Two Ways to Keep Files in Sync Between Alluxio and HDFS

Alluxio provides a distributed data access layer for applications like Spark or Presto to access different underlying file system (or UFS) through a single API in a unified file system namespace. If users only interact with the files in the UFS through Alluxio, since Alluxio has knowledge of any changes the client makes to the UFS, it will keep Alluxio namespace in sync with the UFS namespace (see the left figure below).

However, where a file in the UFS is changed without going through Alluxio, the UFS namespace and the Alluxio namespace can potentially get out of sync. When this happens, a UFS Metadata Sync operation is required to synchronize the two namespaces (illustrated in the right figure).

In Alluxio 2.0, there are two ways to ensure the metadata sync between Alluxio and UFS.

Sync On-demand

Alluxio automatically caches metadata information from the UFS so that subsequent metadata operations such as listStatus (or ls) will not need to access the UFS. This reduces the latency of these metadata operations. However, sometimes the metadata of the underlying UFS can change without notifying Alluxio. When that happens, this cache needs to be invalidated.

Since version 1.7.0, Alluxio has provided an option alluxio.user.file.metadata.sync.interval which allows users to control how often this metadata cache gets refreshed. Anytime the client issues a metadata operation such as listStatus, it can specify the interval to be one of -1, 0 or a time value. When it is set to -1, Alluxio never fetches metadata information from the UFS. When it is set to 0, it always fetches metadata information from the UFS. When it is set to a time value, it will fetch the metadata information from the UFS if it has not done so in the recent past specified by the time value.

Here is an example.

$ alluxio fs ls -R -Dalluxio.user.file.metadata.sync.interval=0 /dir

This tells alluxio to always fetch the metadata information from the UFS.

One thing to note is that the Alluxio system never synchronizes with the UFS unless there is a client request to that UFS. This can cause problems because the first time a particular client accesses the UFS, the extra cost of accessing the UFS can cause a slowdown of the client request.
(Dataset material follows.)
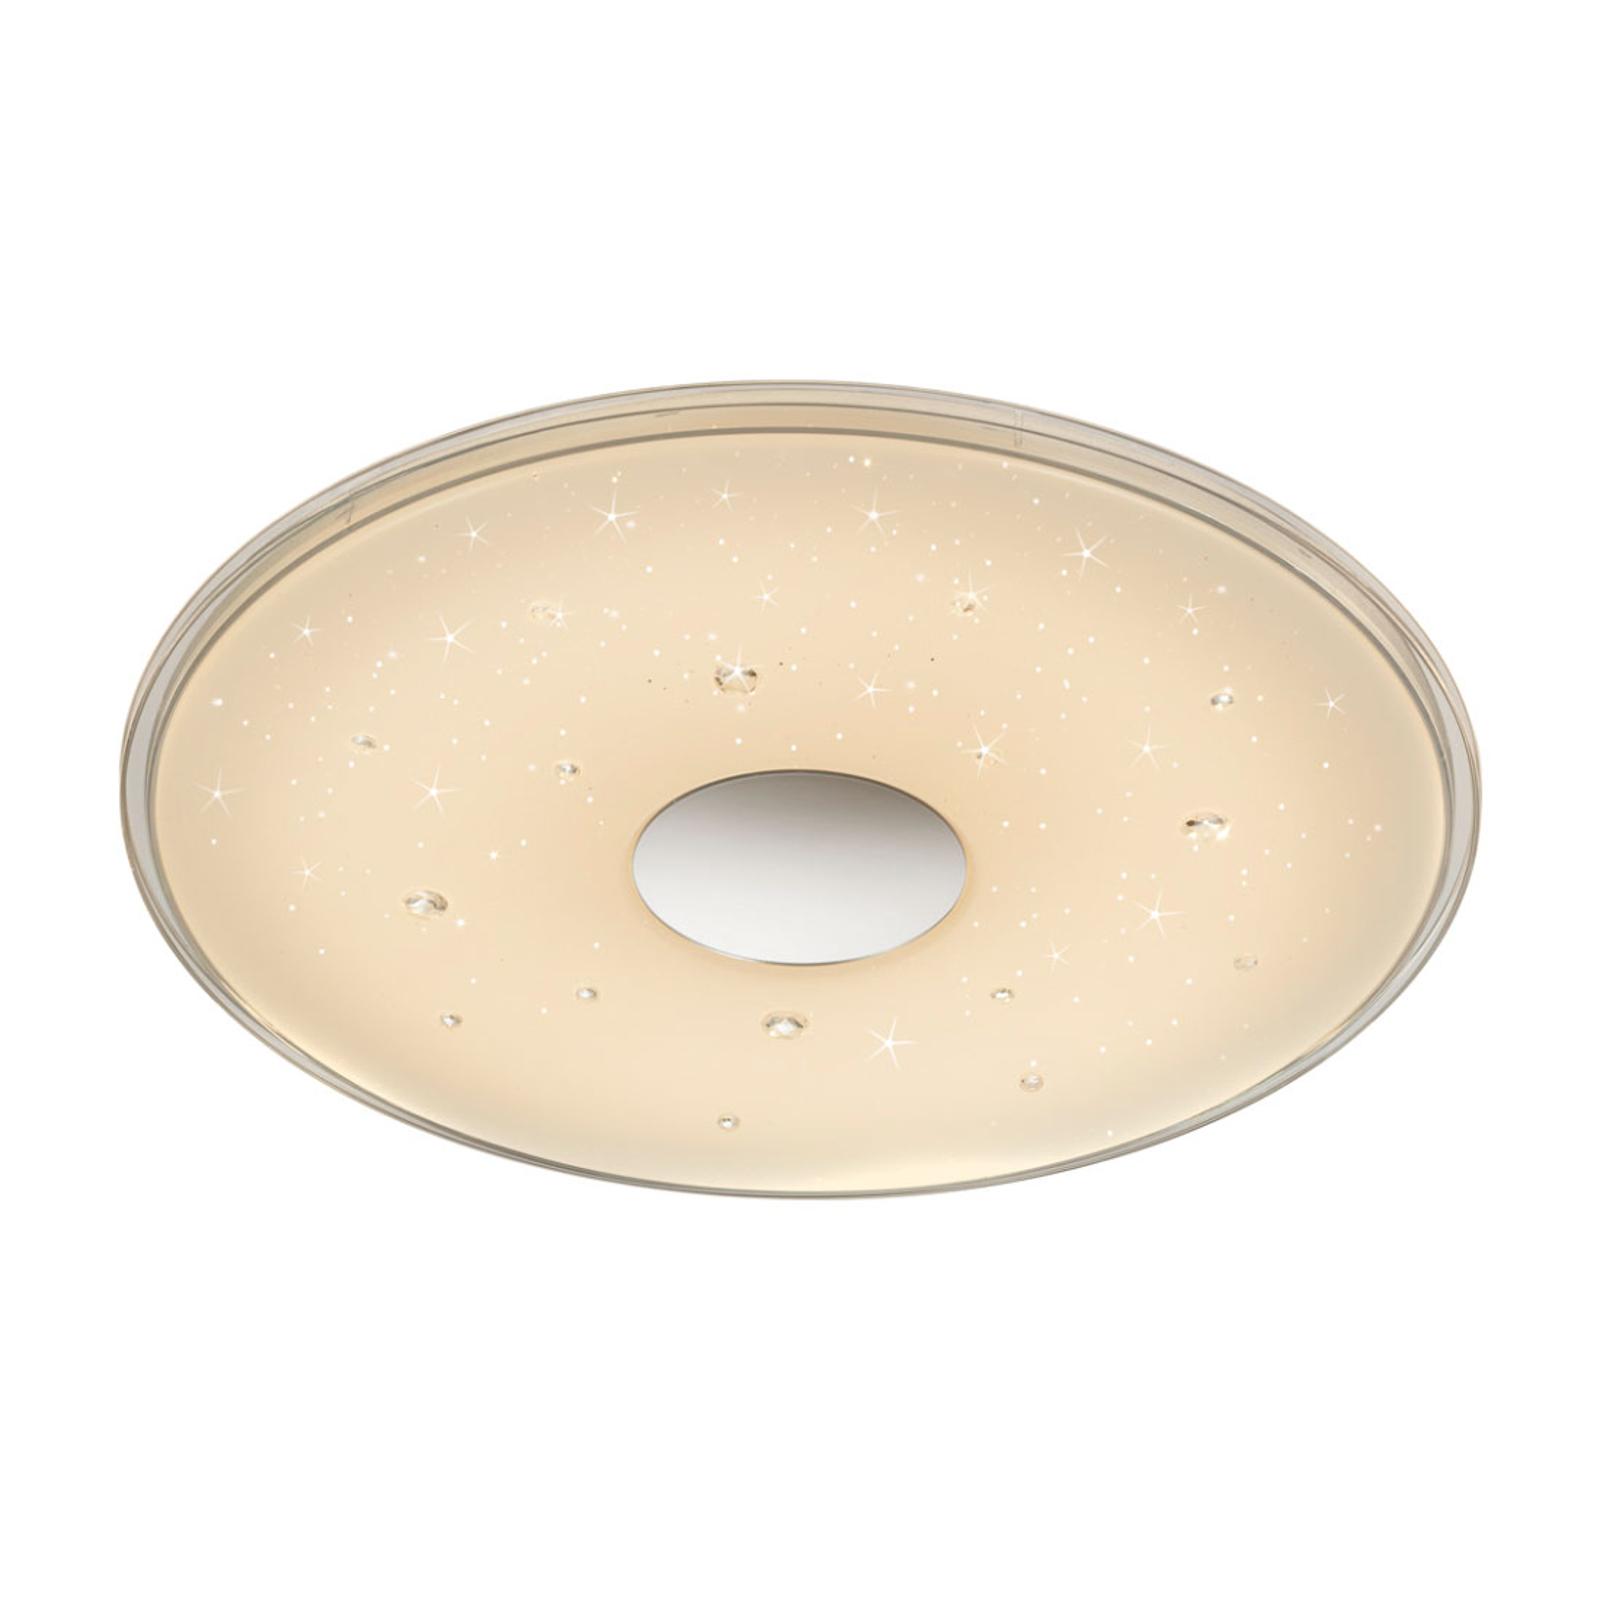 Lampa sufitowa LED Seiko, starlight, Ø 42,5cm

This calls for a mechanism that will synchronize the Alluxio namespace and the UFS namespace in the background, or Active UFS sync.

Sync Proactively

Alluxio 2.0 preview release supports a new feature “Active UFS Sync”. It allows the users to specify a directory to be synchronized between Alluxio namespace and the UFS namespace, at a regular interval with a number of parameters to fine-tune that syncing behavior. Currently, Active UFS Sync is only supported between Alluxio and HDFS 2.7 or later. To use this feature, the user running Alluxio must be an HDFS admin user, in order to listen to the event stream HDFS provides.

To enable active sync on a directory, issue the following Alluxio command on a directory that is backed by HDFS.

$ alluxio fs startSync /syncedDir

You can also stop active sync on a directory by using the following command.

$ alluxio fs stopSync /syncedDir

Note the list of directories under active sync is remembered between master restarts. You can check which directories are under active sync by using the getSyncPathList command.

$ alluxio fs getSyncPathList

Optimizations

There are a few parameters to optimize the active UFS sync behavior.

Sync interval: Users can control the active sync interval by changing the alluxio.master.activesync.interval option, the default is 30 seconds.

Quiet period: To avoid syncing when the directory to be synced is under heavy modifications and adding more RPC workload to the UFS, active UFS Sync tries to only sync when the UFS is considered to be in a quiet period.

This quiet period is controlled by alluxio.master.activesync.maxactivity. Activity is a heuristic based on the exponential moving average of a number of events in a directory. For example, if a directory had 100, 10, 1 event in the past three intervals. Its activity would be 100/10*10 + 10/10 + 1 = 3. Property alluxio.master.activesync.maxactivity is the maximum number of activities in the UFS directory to be considered “quiet”. However, if we only sync during the quiet period, we may have to wait a long time and metadata can become stale in the Alluxio namespace. Property alluxio.master.activesync.maxage is the maximum number of intervals we will wait before synchronizing the UFS and the Alluxio space. The system guarantees that we will start syncing a directory if it is “quiet”, or it has not been synced for a long period (a period longer than the max age).

Conclusion

When using Alluxio, it is important to keep the Alluxio namespace and the UFS namespace consistent. This article describes two ways to perform this synchronization. The synchronization can happen with a client call to Alluxio (On-demand) or happen in the background (Active UFS Sync), each with its own unique advantages. On-demand UFS metadata sync happens only when a client calls Alluxio, therefore it allows administrators to precisely control when sync happens. Active UFS Sync happens in the background, hence it requires minimal configuration and management. Administrators can choose the right strategy based on the specific use case.